DATA =>
· · ·

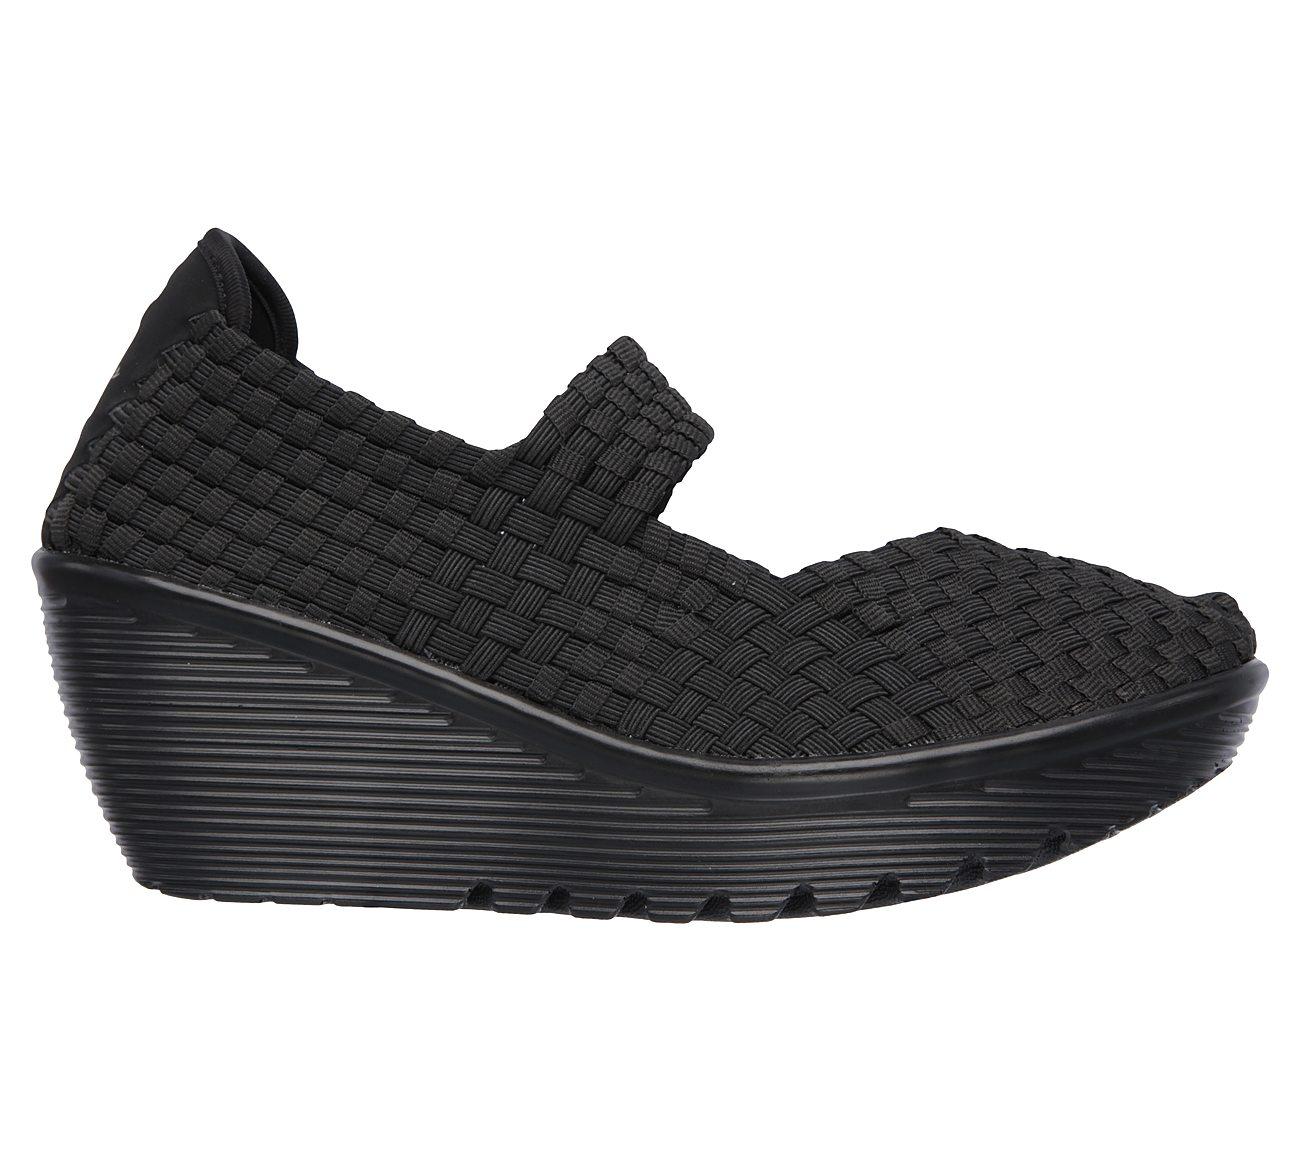 skechers shoes with heels
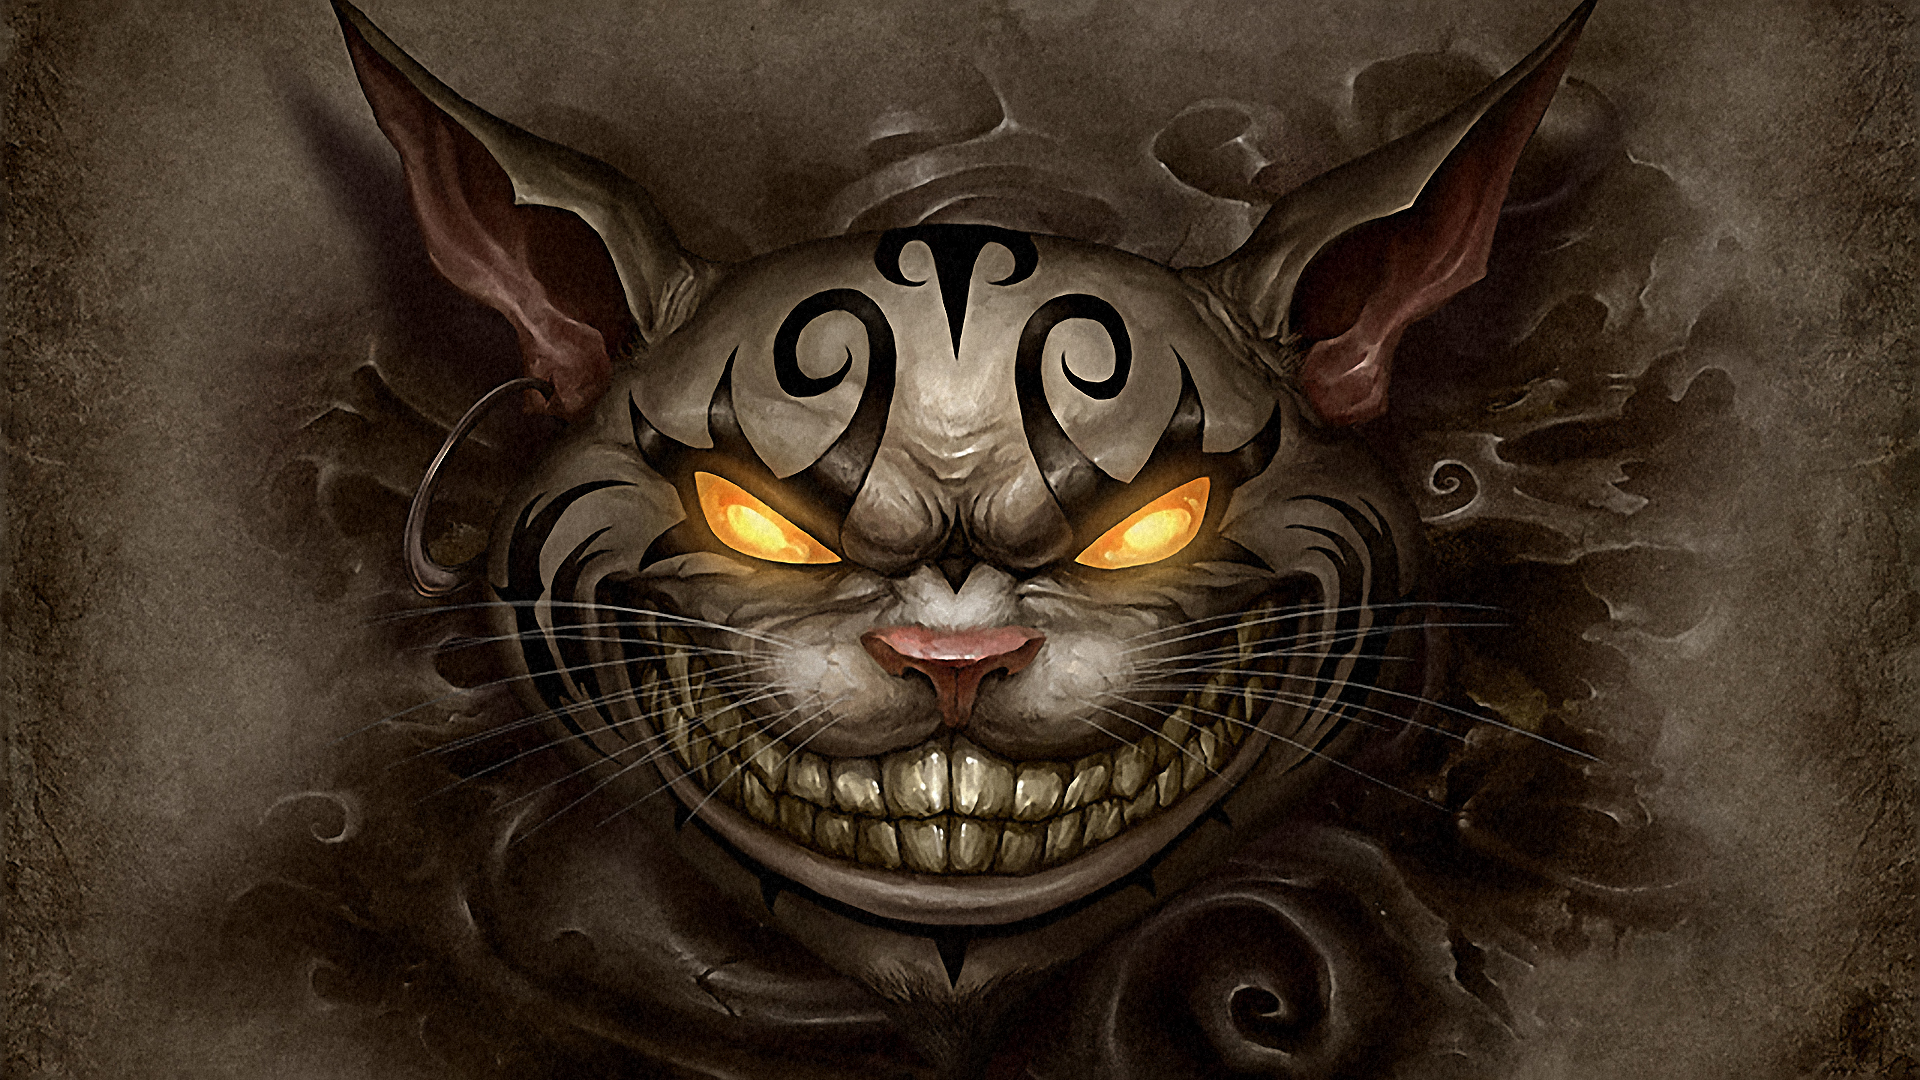 cats cheshire cat desktop wallpaper download cats cheshire cat 1920x1080
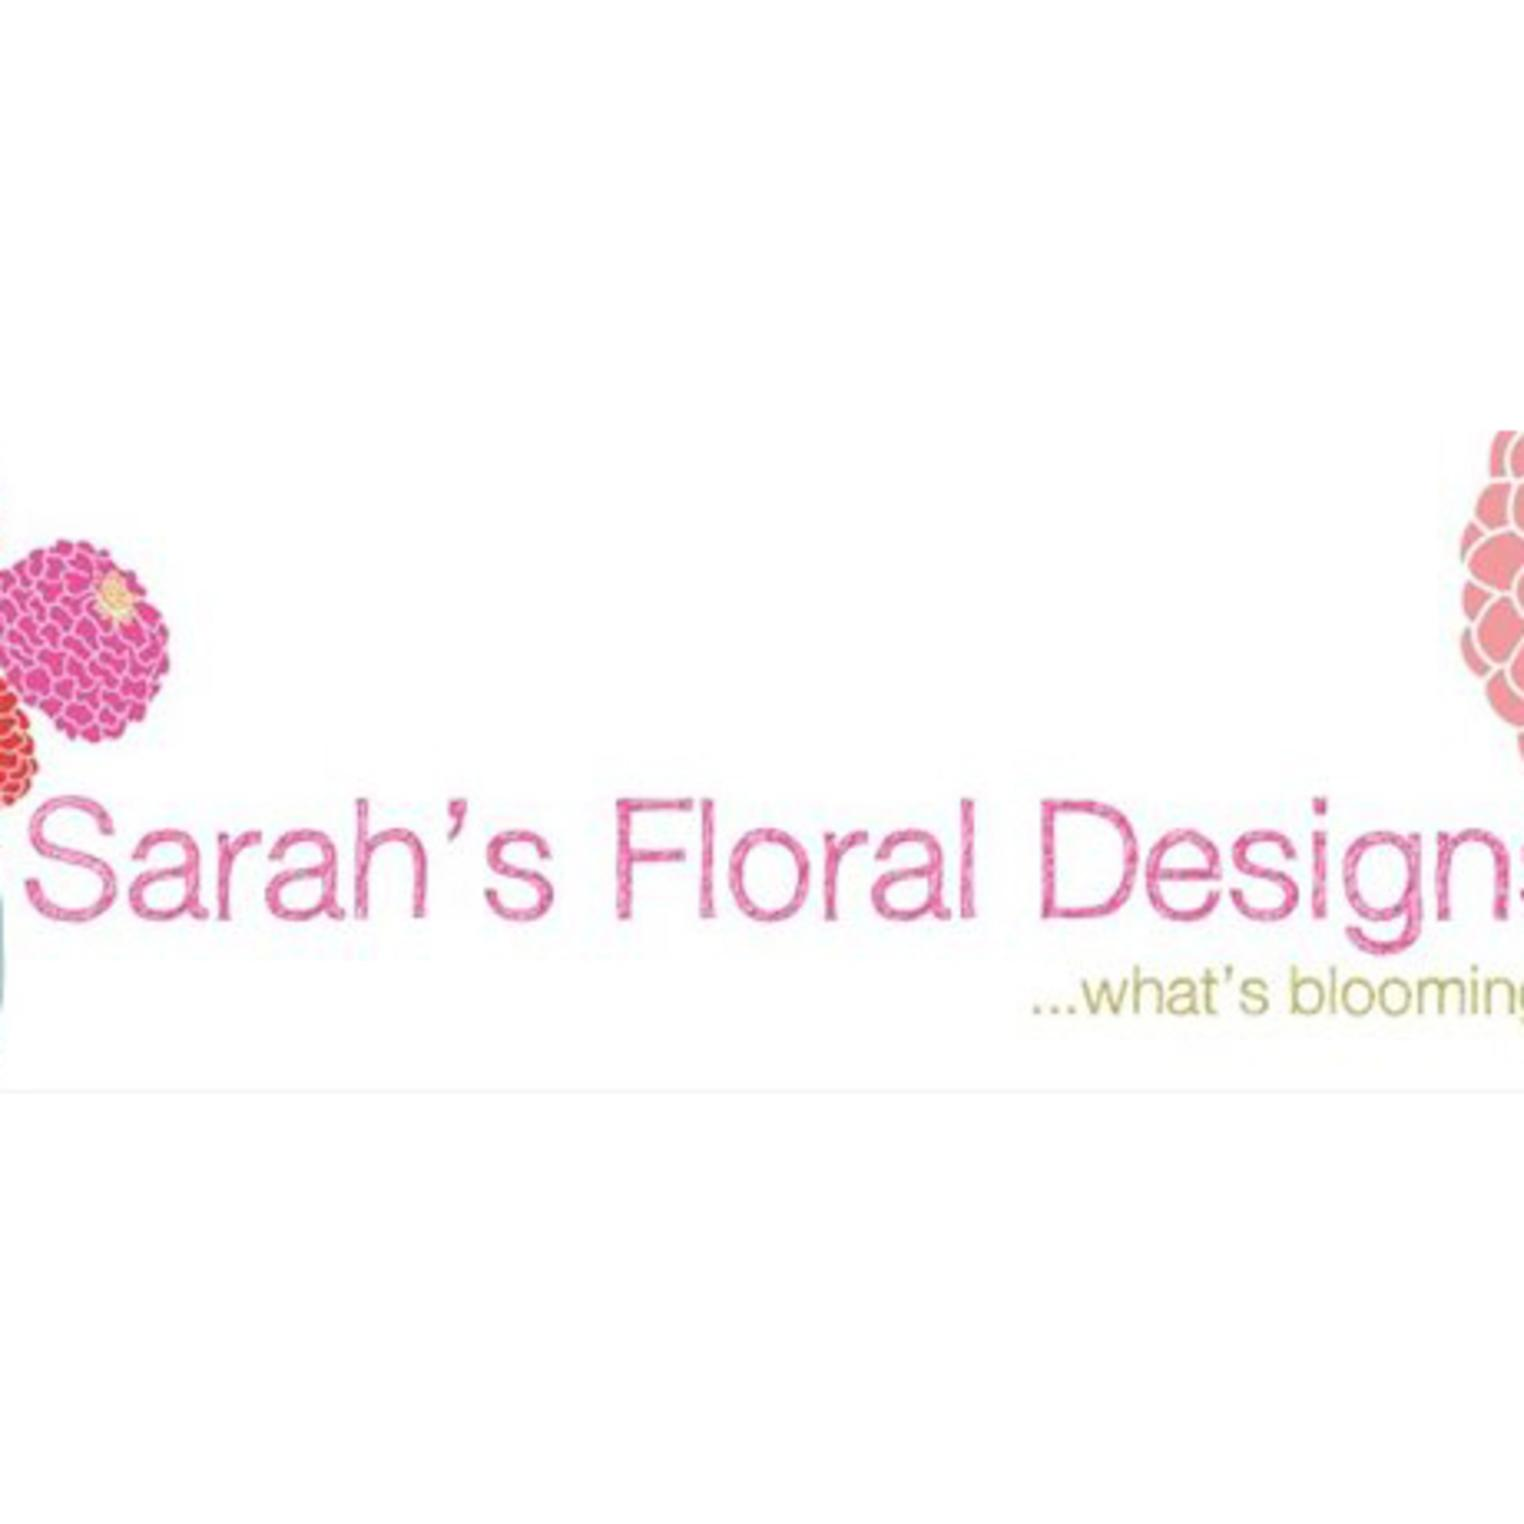 Sarah's Floral Designs
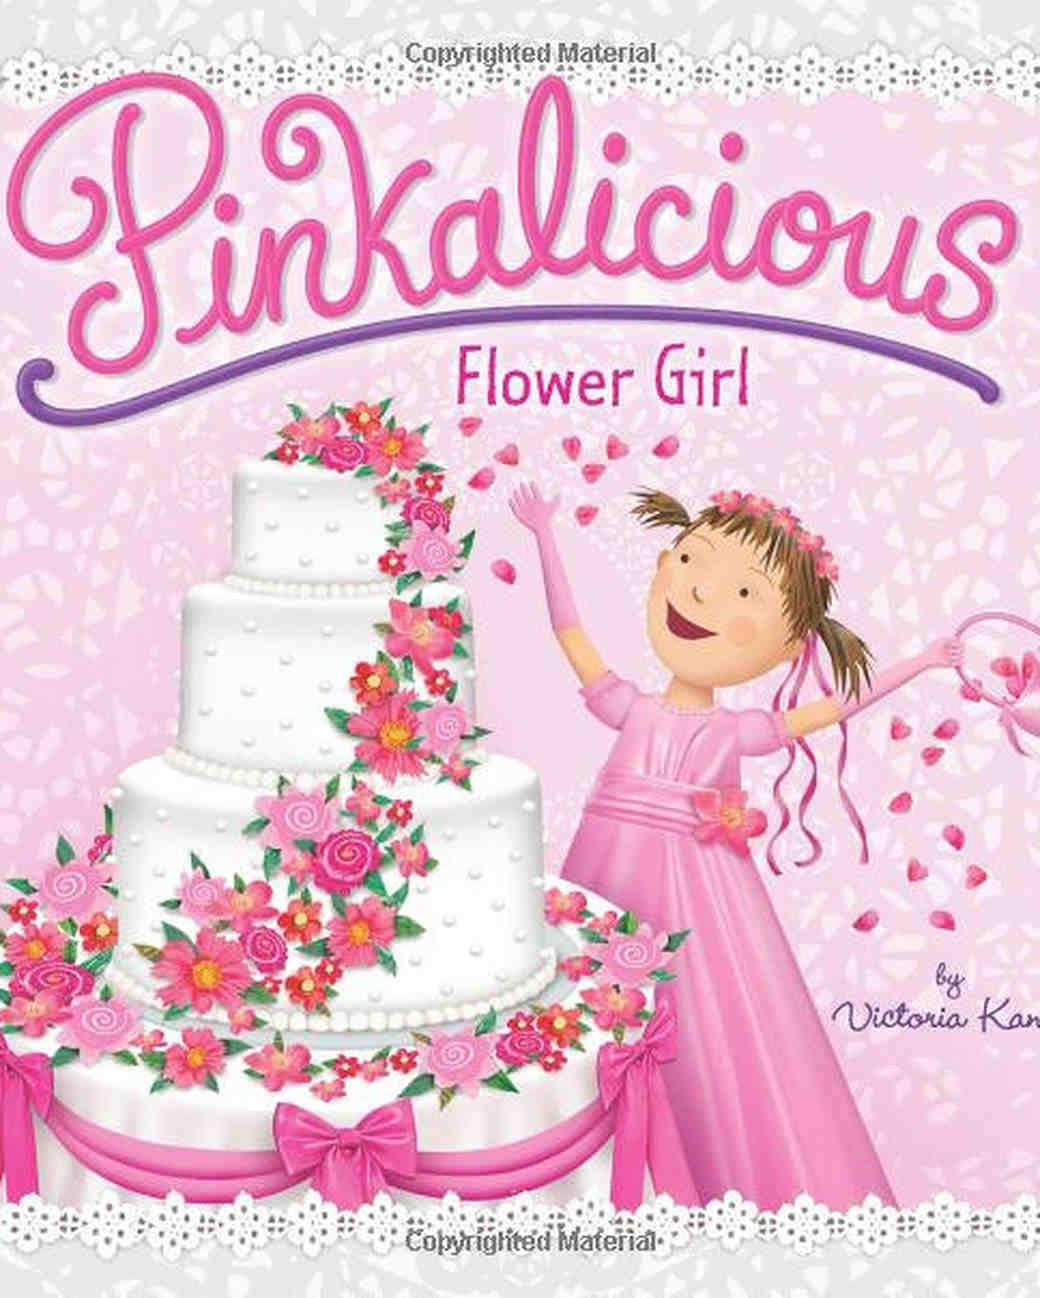 flower-girl-gift-pinkalicious-book-0616.jpg

· · ·

Give all of the material again, exactly, apart from the pictures.

 skechers shoes with heels
 cats cheshire cat desktop wallpaper download cats cheshire cat 1920x1080
 Sarah's Floral Designs
 flower-girl-gift-pinkalicious-book-0616.jpg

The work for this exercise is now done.